(Beginning of Data section)

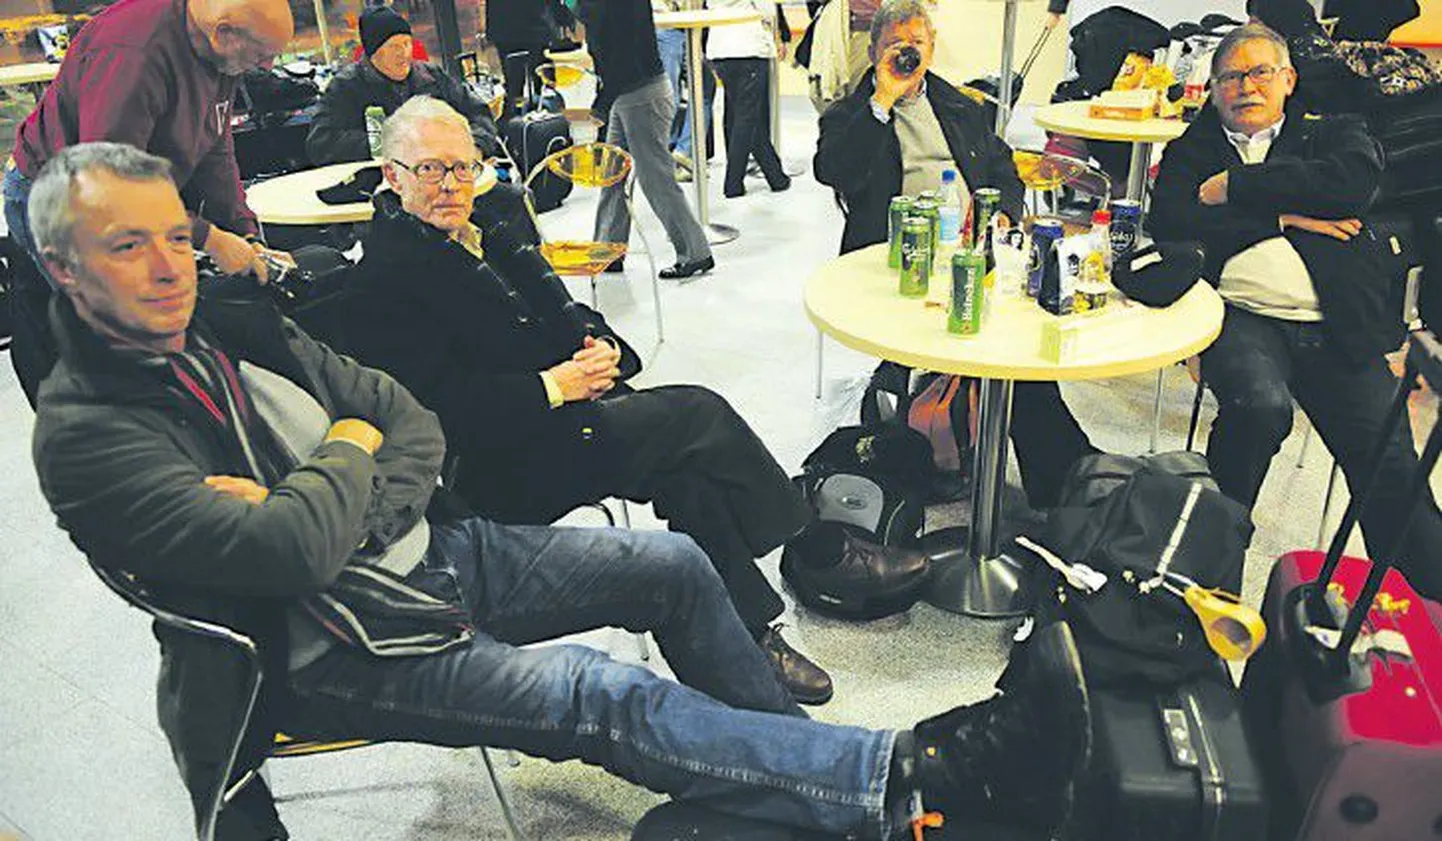 Во время снежной метели, бушевавшей год назад, мужской хор Норвегии провел в Таллиннском аэропорту десять часов  в ожидании вылета. Тем не менее, за задержку авиарейса, связанного с непогодой, компенсация не положена.
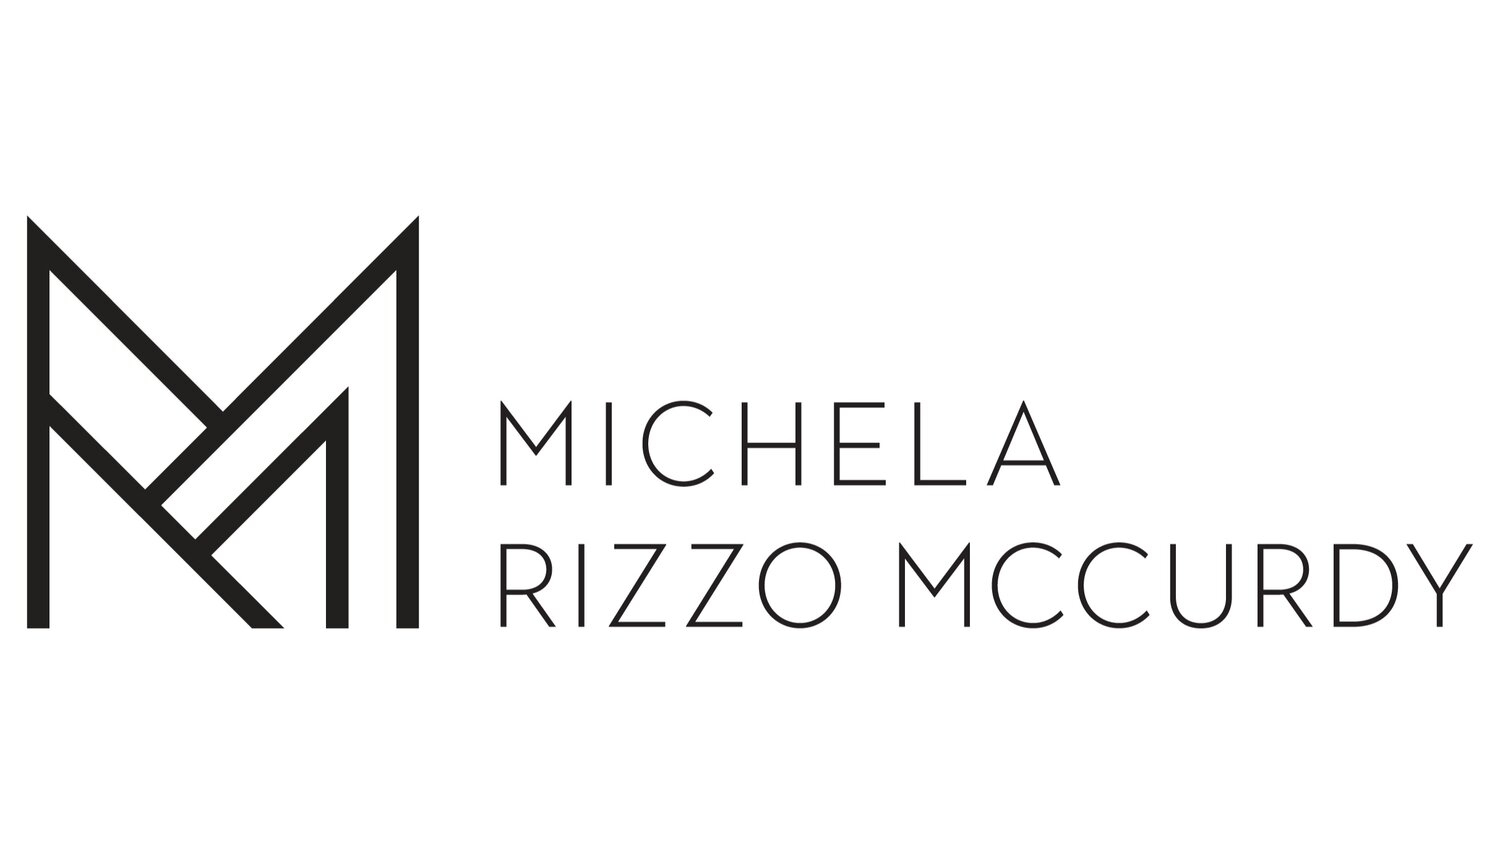 MICHELA RIZZO MCCURDY
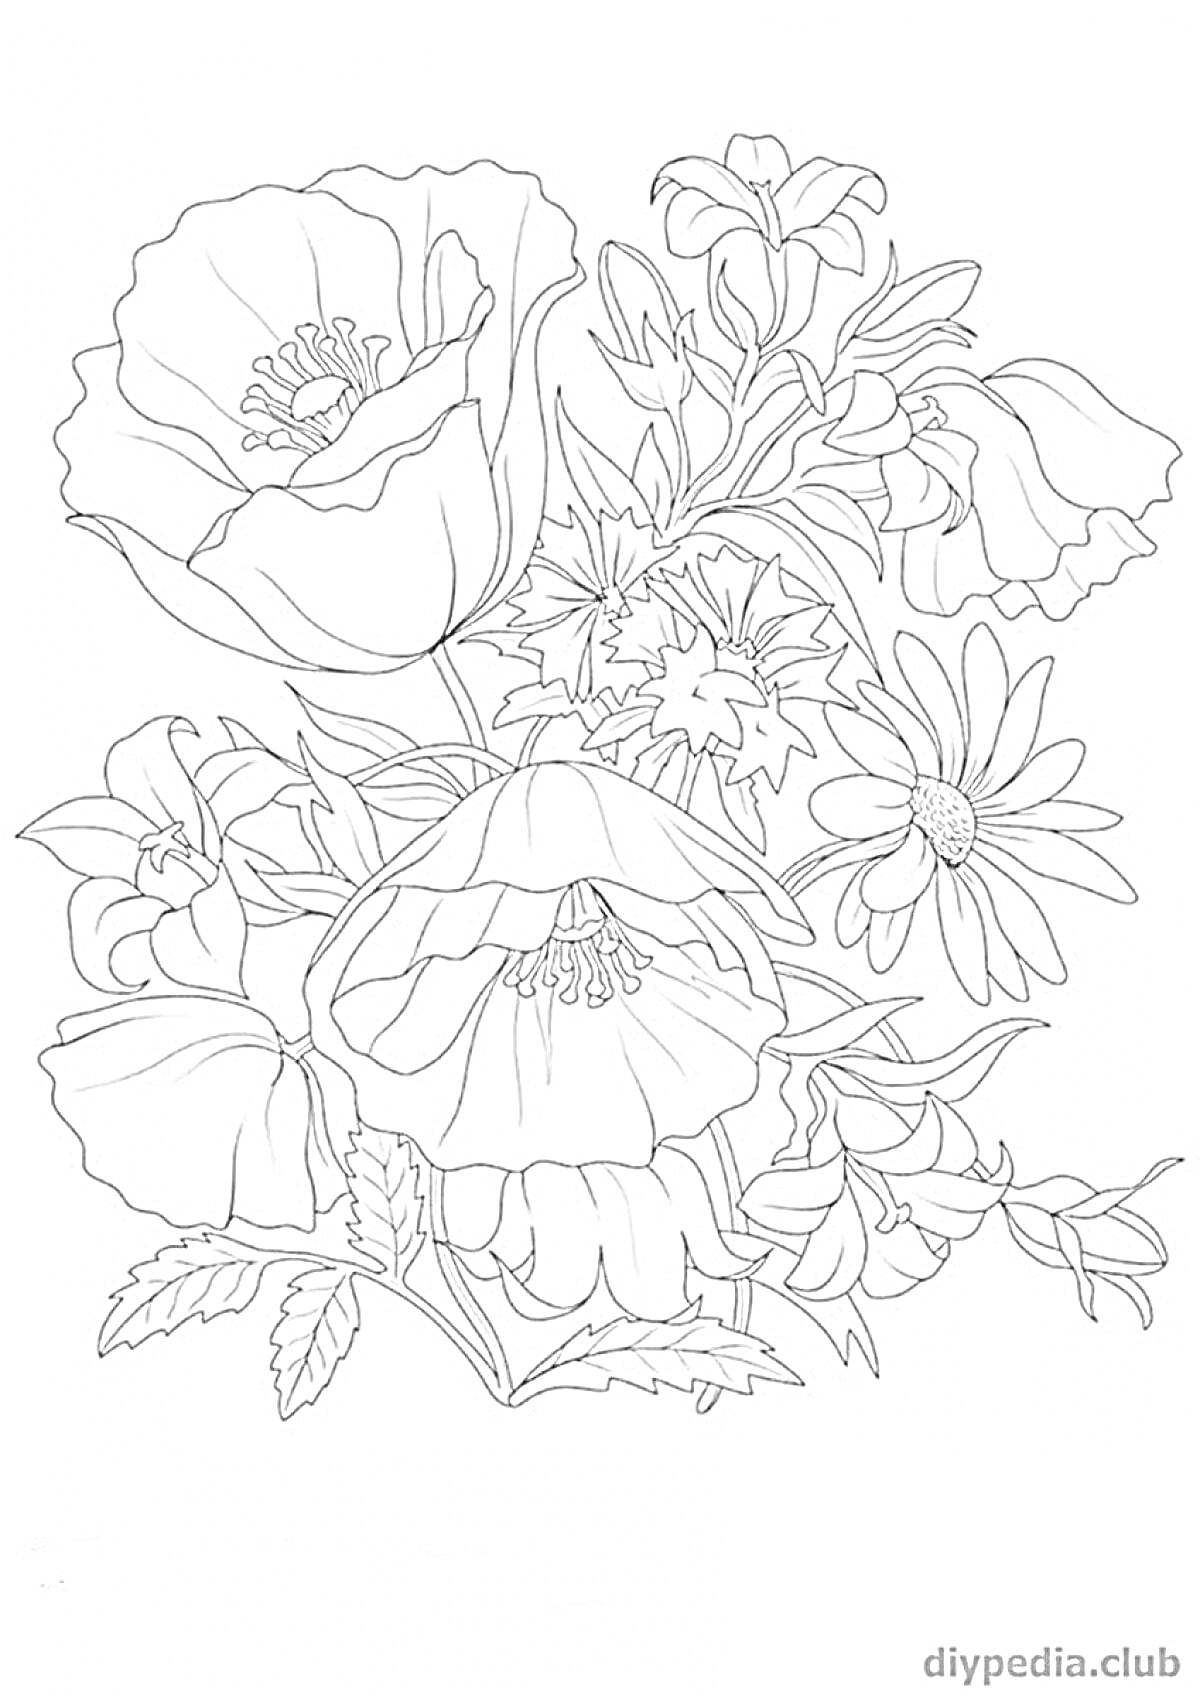 Раскраска Рисунок крупных красивых цветов: маки, ромашки и бутоны

(End of Data section)

**Your objective:** Please give the material above again in full, with no pictures in your version.

**Written response:**
 Во время снежной метели, бушевавшей год назад, мужской хор Норвегии провел в Таллиннском аэропорту десять часов  в ожидании вылета. Тем не менее, за задержку авиарейса, связанного с непогодой, компенсация не положена.
 MICHELA RIZZO MCCURDY
 Раскраска Рисунок крупных красивых цветов: маки, ромашки и бутоны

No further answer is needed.